Assembly 不使用mult或div的32位无符号乘法
我一直在编写一个程序,它不使用MIPS mult(multu)或div(divu)命令,而是将两个32位无符号整数相乘。 我希望输出看起来就像multu函数一样,是一个64位高字/低字组合。 我一直在使用一个模型,其中乘数是产品的右侧,因此:Assembly 不使用mult或div的32位无符号乘法,assembly,mips,multiplication,unsigned,Assembly,Mips,Multiplication,Unsigned,我一直在编写一个程序,它不使用MIPS mult(multu)或div(divu)命令,而是将两个32位无符号整数相乘。 我希望输出看起来就像multu函数一样,是一个64位高字/低字组合。 我一直在使用一个模型,其中乘数是产品的右侧,因此: for (i=0; i<32; i++) { if LSB(multiplier)==1 { LH product += multiplicand; } right shift product-multiplie
for (i=0; i<32; i++)
{
if LSB(multiplier)==1
{
LH product += multiplicand;
}
right shift product-multiplier 1;
}
据我所知,连你的算法都坏了。您应该将被乘数向左移动(用于加法),将因子向右移动(用于位测试)。产品不应移动。
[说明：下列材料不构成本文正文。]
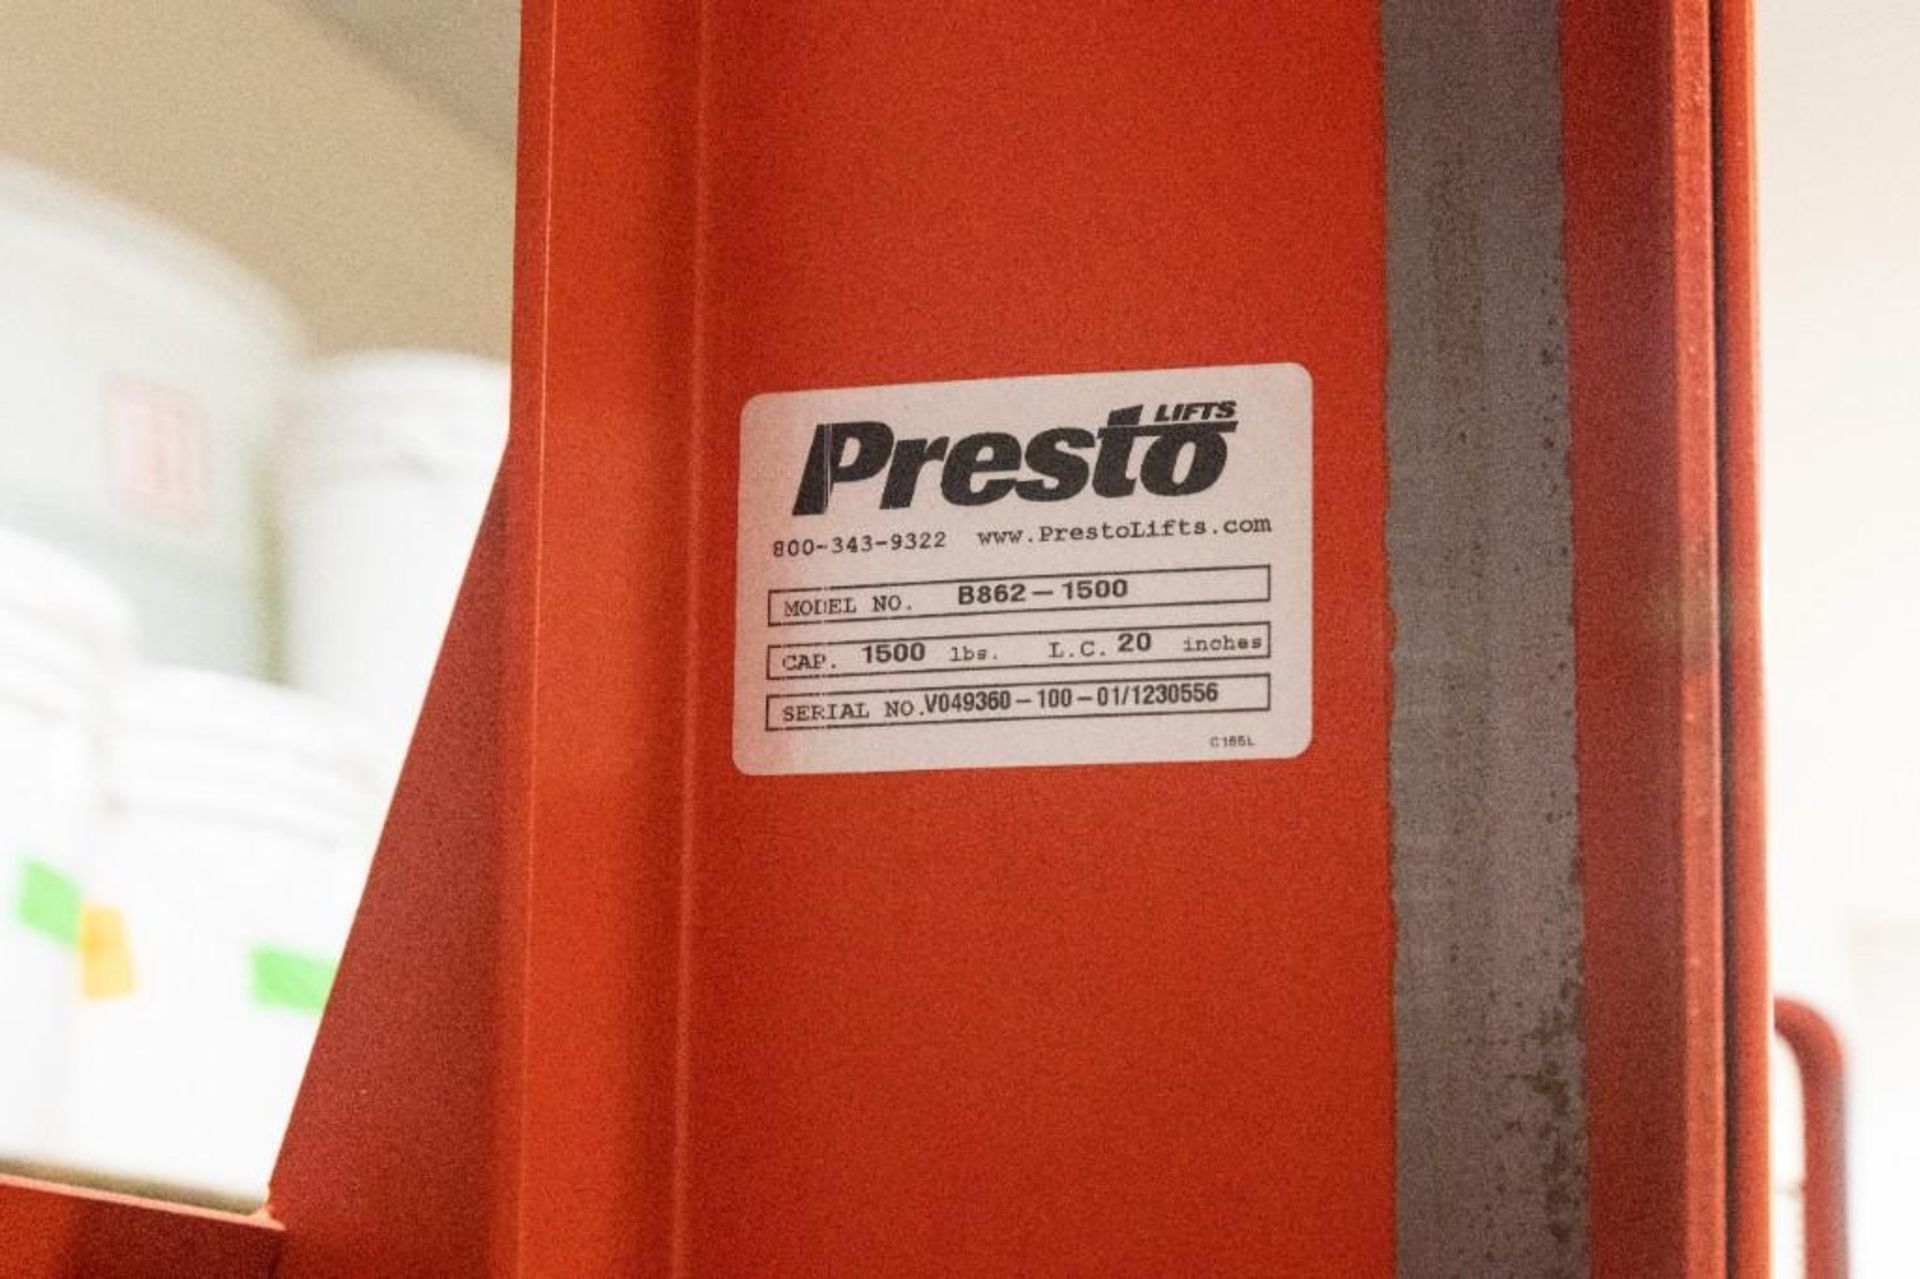 Presto Lift - Image 5 of 5

此外,被乘数需要扩展到64位,并且您需要一个64位移位来正确地跨字边界传输位
.data
promptStart: .asciiz "This program does AxB without using mult or div"
getA: .asciiz "Please enter the first number(multiplicand): "
getB: .asciiz "Please enter the second number(multiplier): "
space: .asciiz " "
result: .asciiz "The product, using my program is: "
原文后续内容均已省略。